Häufig stellt sich nicht nur die Frage, welche Mikroorganismen in einem Habitat vorhanden sind, sondern auch welche Funktionen von der Mikrobiota übernommen werden können. Um diese Frage zu beantworten muss man das gesamte genomische Material untersuchen. Dabei werden die zu analysierenden Sequenzen mit bekannten vergleichen, so können die Funktionen identifizierter Gene einer Probe zugeordnet werden. Im Gegensatz zur Sequenzierung von 16S rRNA Genfragmenten, wird bei diesem Ansatz keine gezielte Sequenzierung ausgewählter Gene vorgenommen, sondern es wird das komplette genetische Material untersucht. Der Vorteil davon ist, dass keine Selektion von Organismen stattfindet und keine Amplifikation von DNA notwendig ist, die durch unterschiedliche Amplifikationseffizienzen zu Verschiebungen führen kann.

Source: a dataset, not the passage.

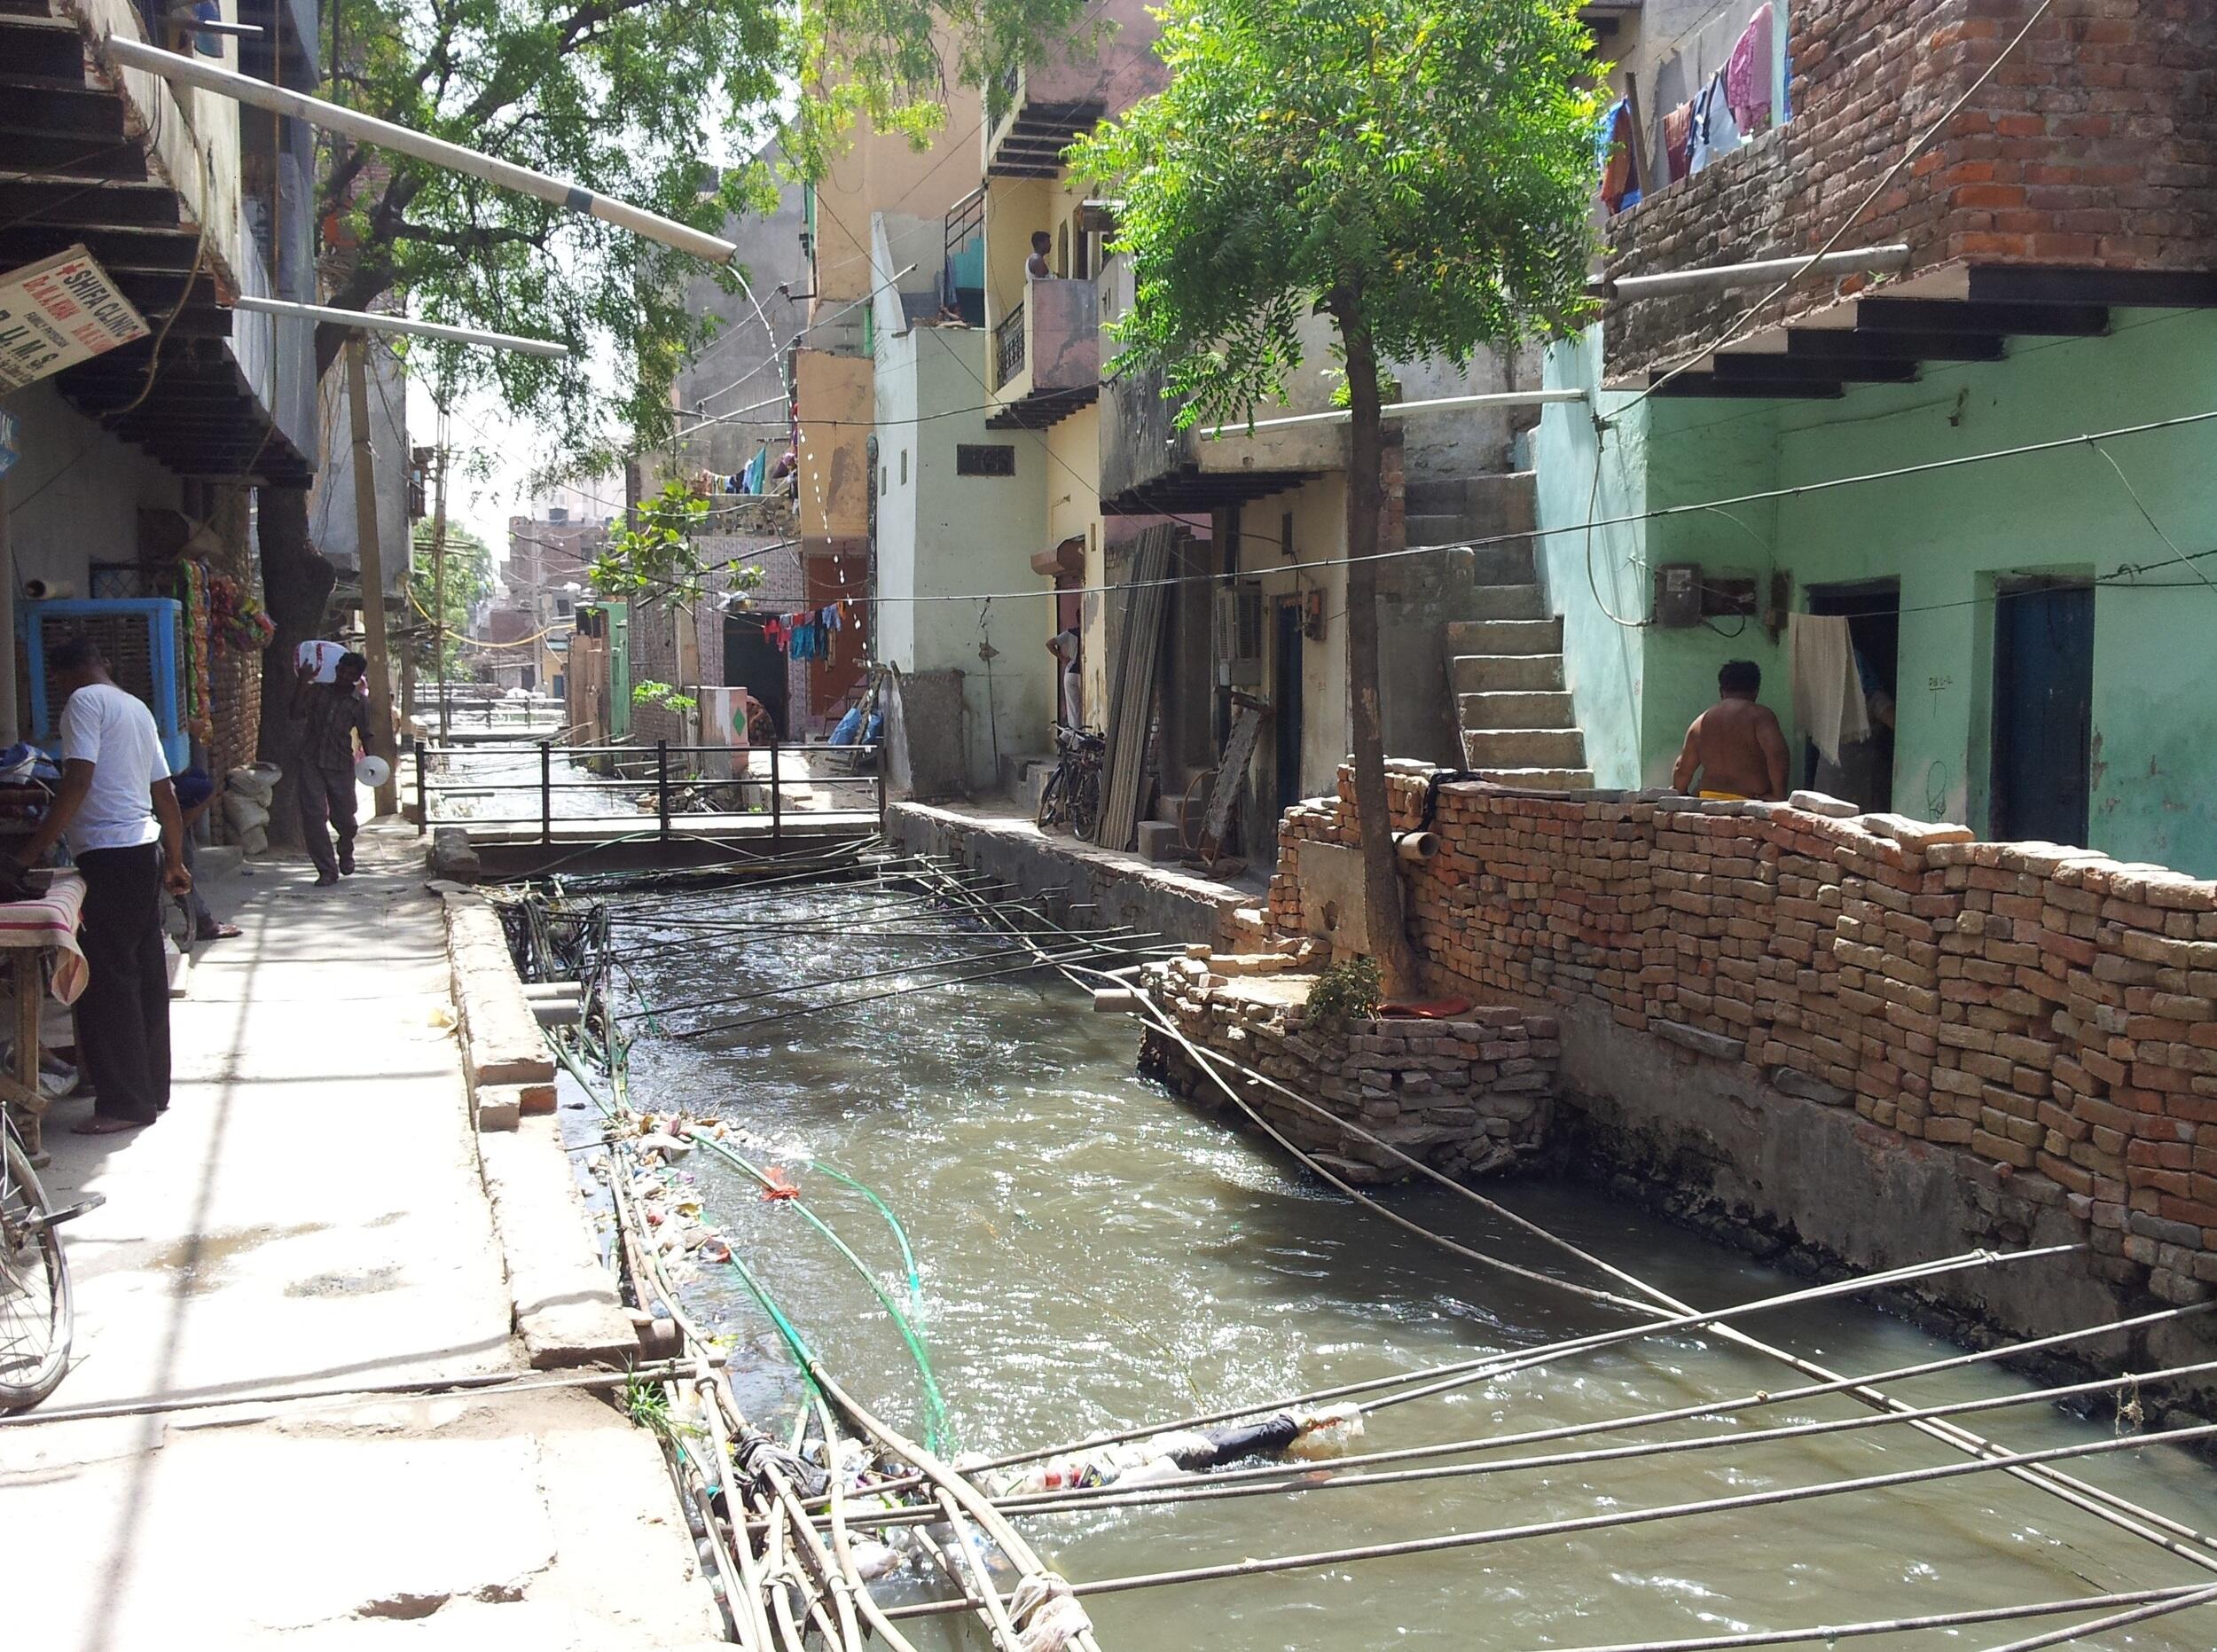 An improvised drain with sidewalks on both sides and trees hanging over it in India.

Die Mikrobiota kann durch Wechselwirkungen mit dem Wirt, diesen sowohl in positiver als auch negativer Hinsicht beeinflussen. Ein einfaches Beispiel hierfür ist die menschliche Verdauung. Einige Nährstoffe kann ein Mensch nicht verwerten, wenn diese nicht zuvor von Darmbakterien in eine Form gebracht werden, die vom Körper aufgenommen und weiterverarbeitet werden kann. Wird die Zusammensetzung der intestinalen Mikrobiota so verändert, dass diese Zusammenarbeit nicht mehr funktioniert, kann das negative Auswirkungen für den Menschen haben.

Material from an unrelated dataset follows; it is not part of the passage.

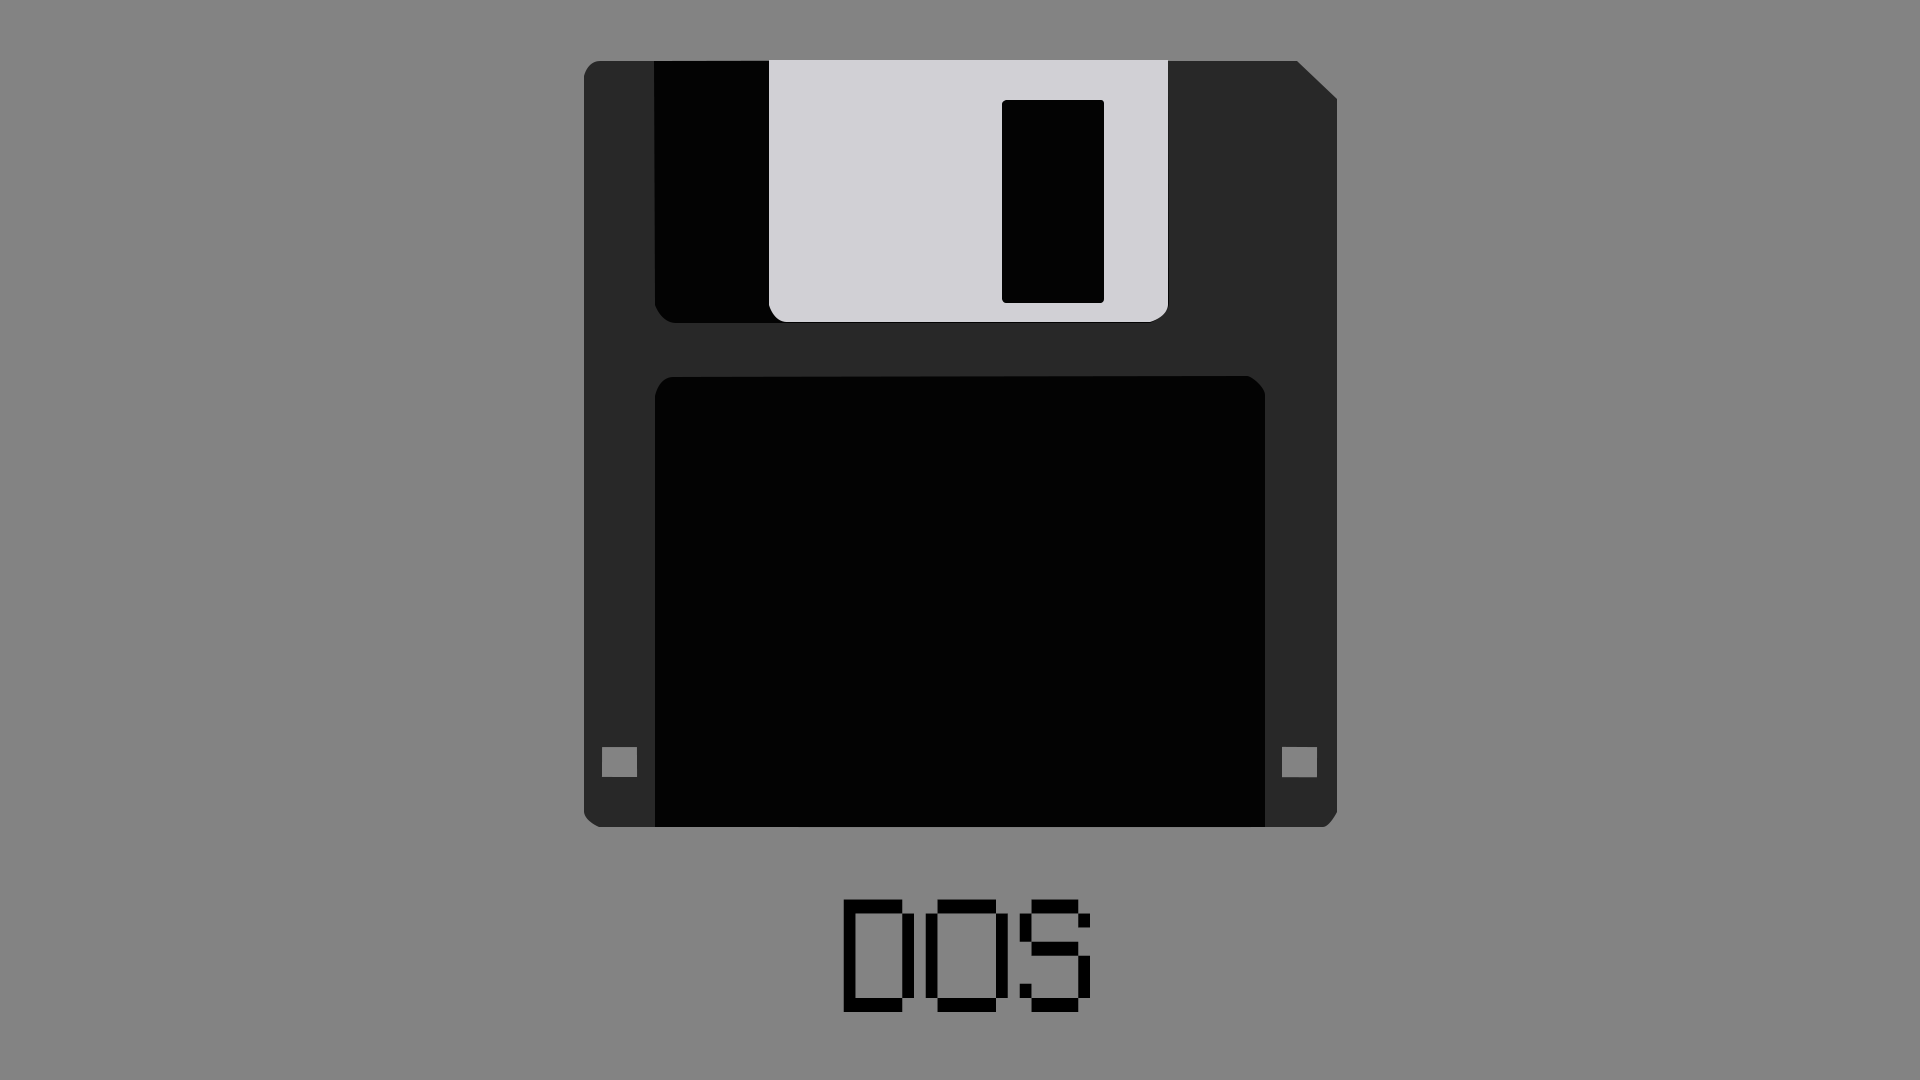 I'm A Big Fan Of MS DOS, And This Is Also My First Try At Vectoring. [1920x1080]

Aus qualitativ hochwertigen Proben wird die gesamte DNA isoliert. Anschließend werden Barcodes und Linkersequenzen für die Sequenzierung an die DNA-Fragmente angehängt. Dies findet unabhängig von der DNA Sequenz des Template Stranges statt, somit gibt es keine Selektion von Sequenzen. Die Nukleotidsequenz wird durch Next-generation-Sequencing bestimmt. Durch Vergleiche mit bekannten Sequenzen können die Funktionen von detektierten Genen zugeordnet werden, sowie die Zusammensetzung der Mikroorganismen im Ausgangsmaterial analysiert werden.

Applikationen

Untersuchung der Zusammensetzung des intestinalen Mikrobioms von Typ 2 Diabetes Patienten und gesunden Kontrollen zeigen geringere Mengen an bestimmten Butyrat produzierenden Bakterien, mehr opportunistische Pathogenen und eine Anhäufung von Funktionen für die Reduktion von Sulfaten und Resistenz gegenüber oxidativem Stress bei Patienten (Qin et al. (2012) Nature)

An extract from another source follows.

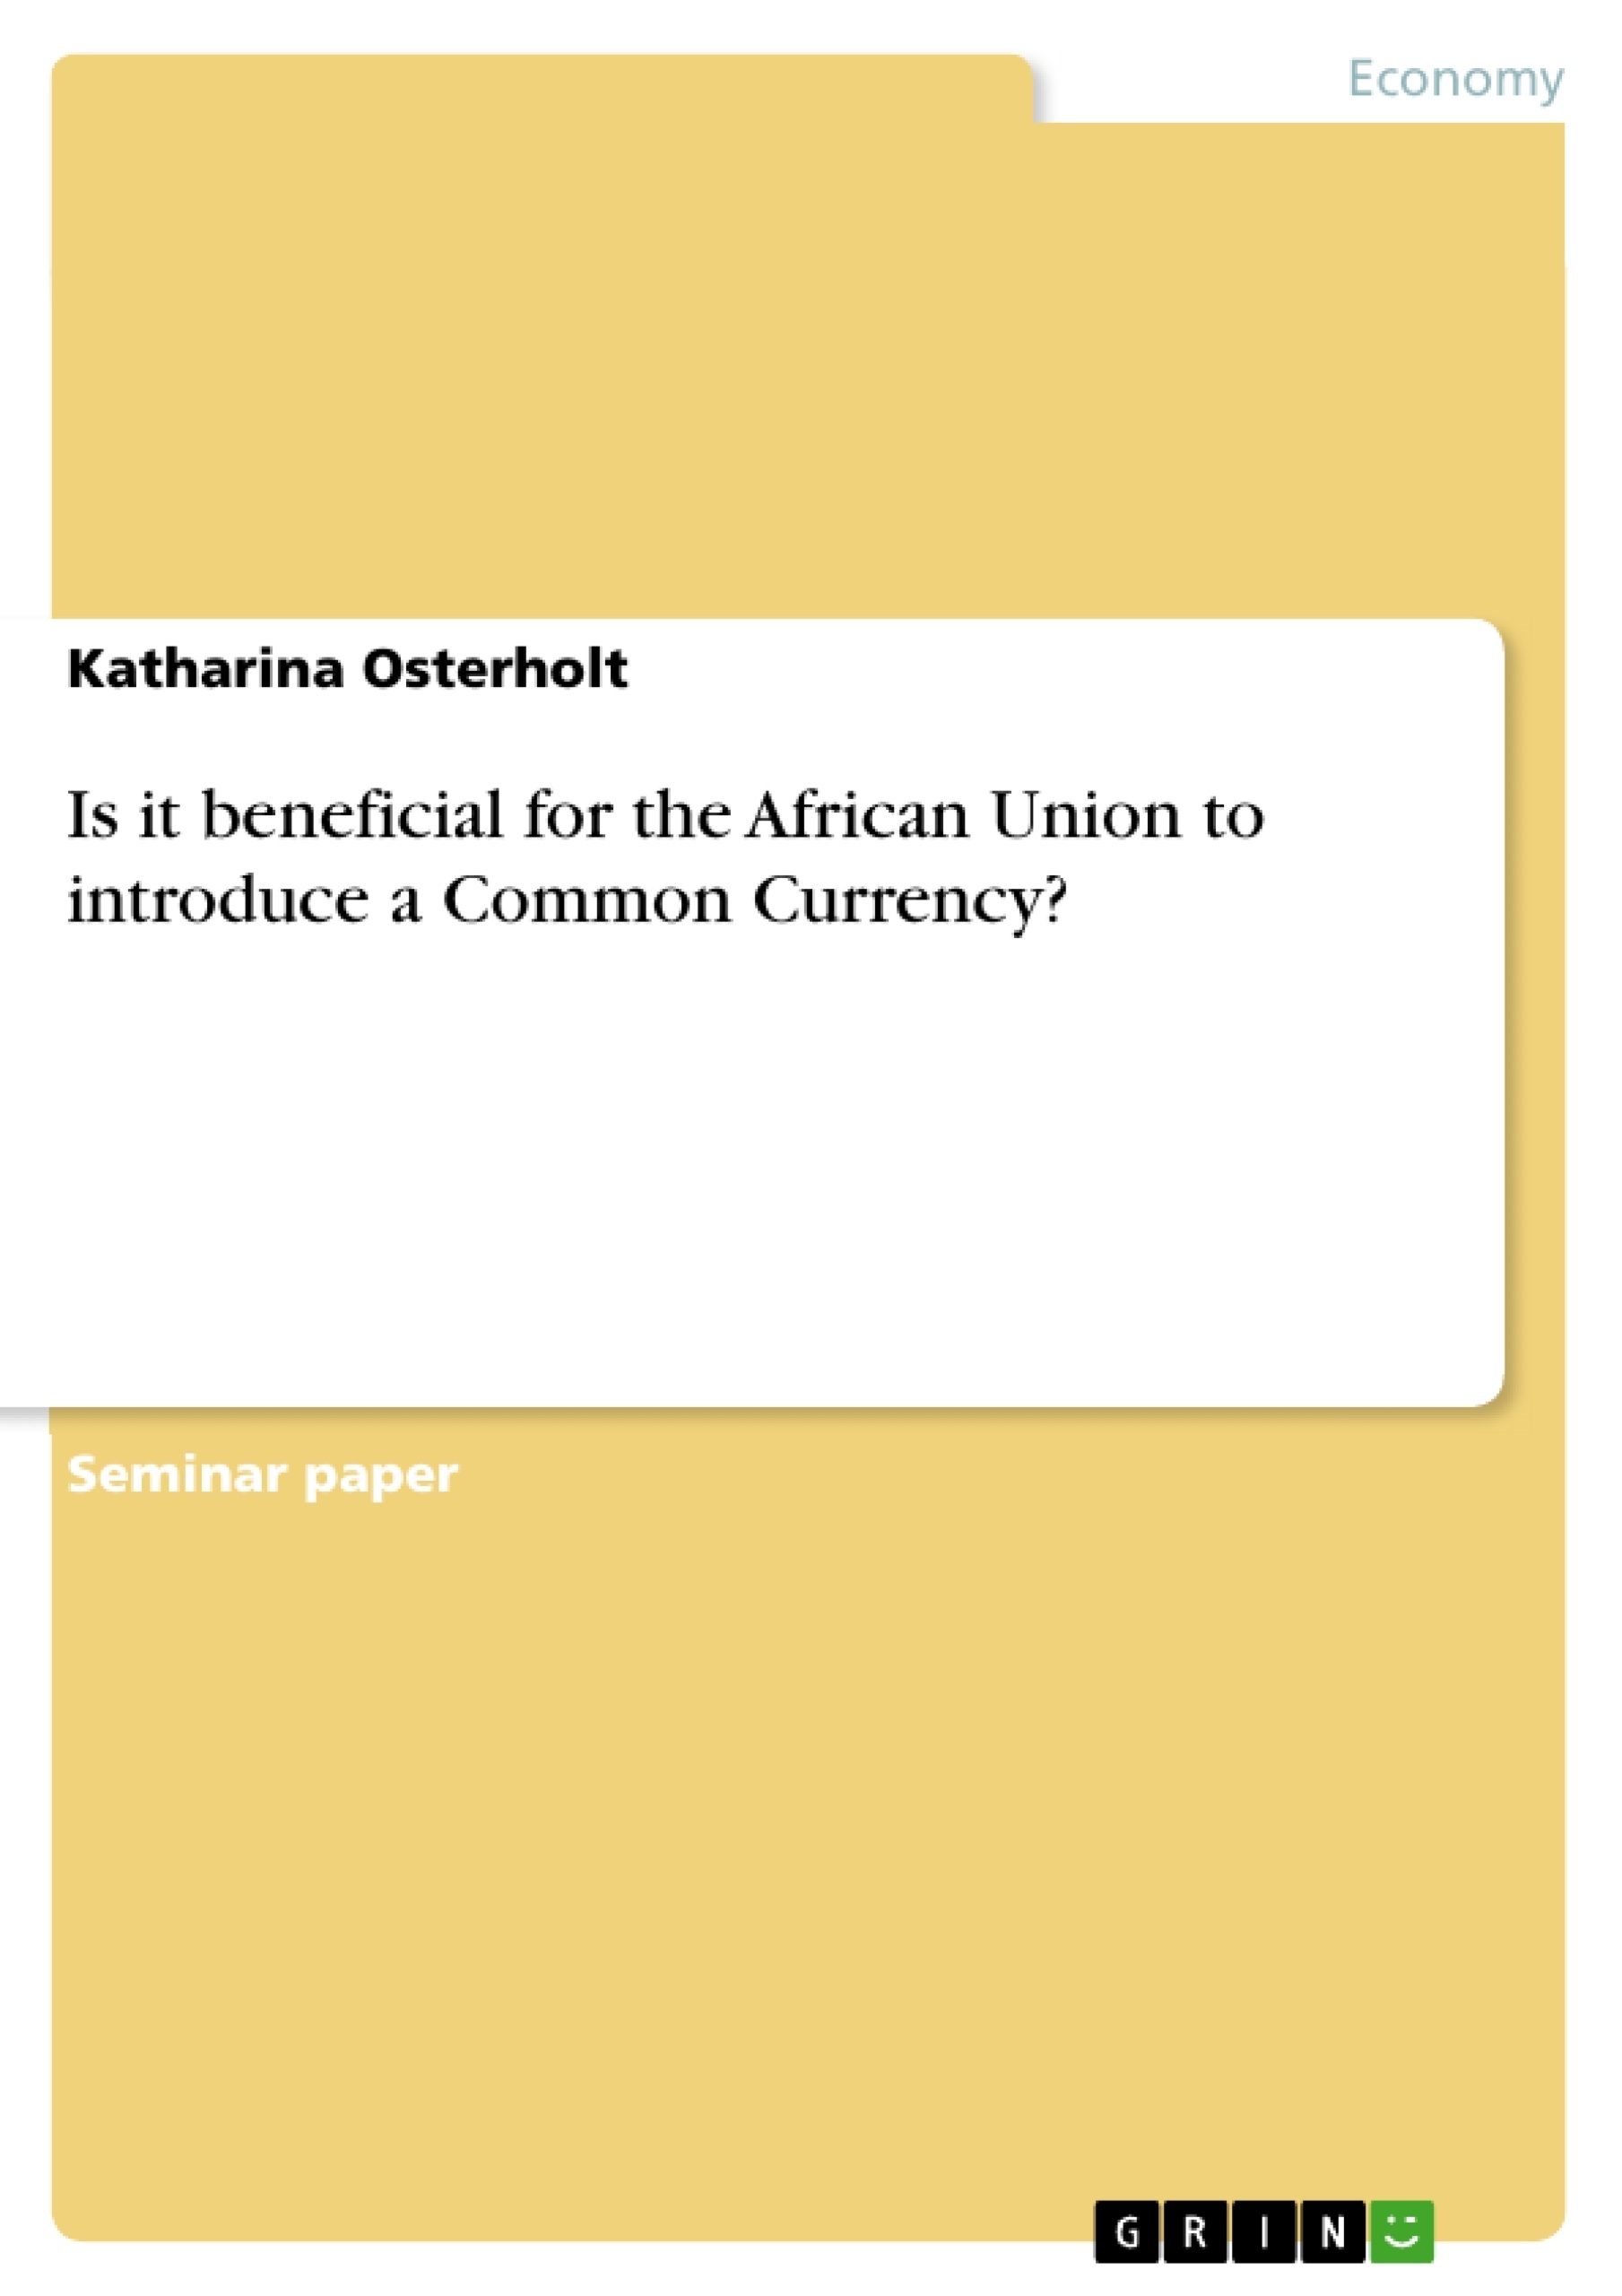 Title: Is it beneficial for the African Union to introduce a Common Currency?

Trotz unterschiedlicher Zusammensetzung der Mikrobiota verschiedener Individuen bleiben die Funktionen erhalten (The Human Microbiome Project Consortium (2012) Nature)

Methoden

Zunächst wird die Qualität der eingesendeten Proben überprüft. Dabei ist es wichtig, dass die Proben während des Transportes ausreichend gekühlt und nicht beschädigt wurden. Zusätzlich wird überprüft, dass die projektspezifischen Probenbestimmungen erfüllt wurden. Die DNA wird nach einem etablierten Protokoll aus einer Probe extrahiert Nach Verifikation der DNA Qualität werden die Proben für die Sequenzierung entsprechend den Angaben von Illumina mit dem Nextera XT DNA Sample Prep Kit vorbereitet. Bei diesem Schritt wird die genomische DNA in Fragmente mit einheitlicher Länge unterteilt und diese werden anschließend mit Barcode- und Linkersequenzen versehen. Die Sequenzierung findet auf Illumina HiSeq2500 Geräten statt. Bei der anschließenden Datenverarbeitung werden zunächst die zuvor eingefügten Barcode- und Linkersequenzen entfernt und anschließend paired-end Reads zusammengefügt. Anschließend erfolgt eine Qualitätskontrolle der ca. 10 Millionen Reads pro Probe mit Hilfe des Programms PrinSeq. In einem weiteren Schritt werden die Sequenzen der Analyse mit bekannten und in Datenbanken hinterlegten Sequenzen verglichen. Durch diesen Vergliche kann auf Grund der Sequenzdaten bestimmt werden, welche Mikroorganismen (Vergleich gegen die NCBI Taxonomie) und welche Gene (Vergleich mit SEED, KEGG und COG Klassifikationen) in einer Probe enthalten waren. Über die Identifikation der Gene können dann Rückschlüsse auf die Funktionen, die von den Mikroorganismen ausgeführt werden, gezogen werden.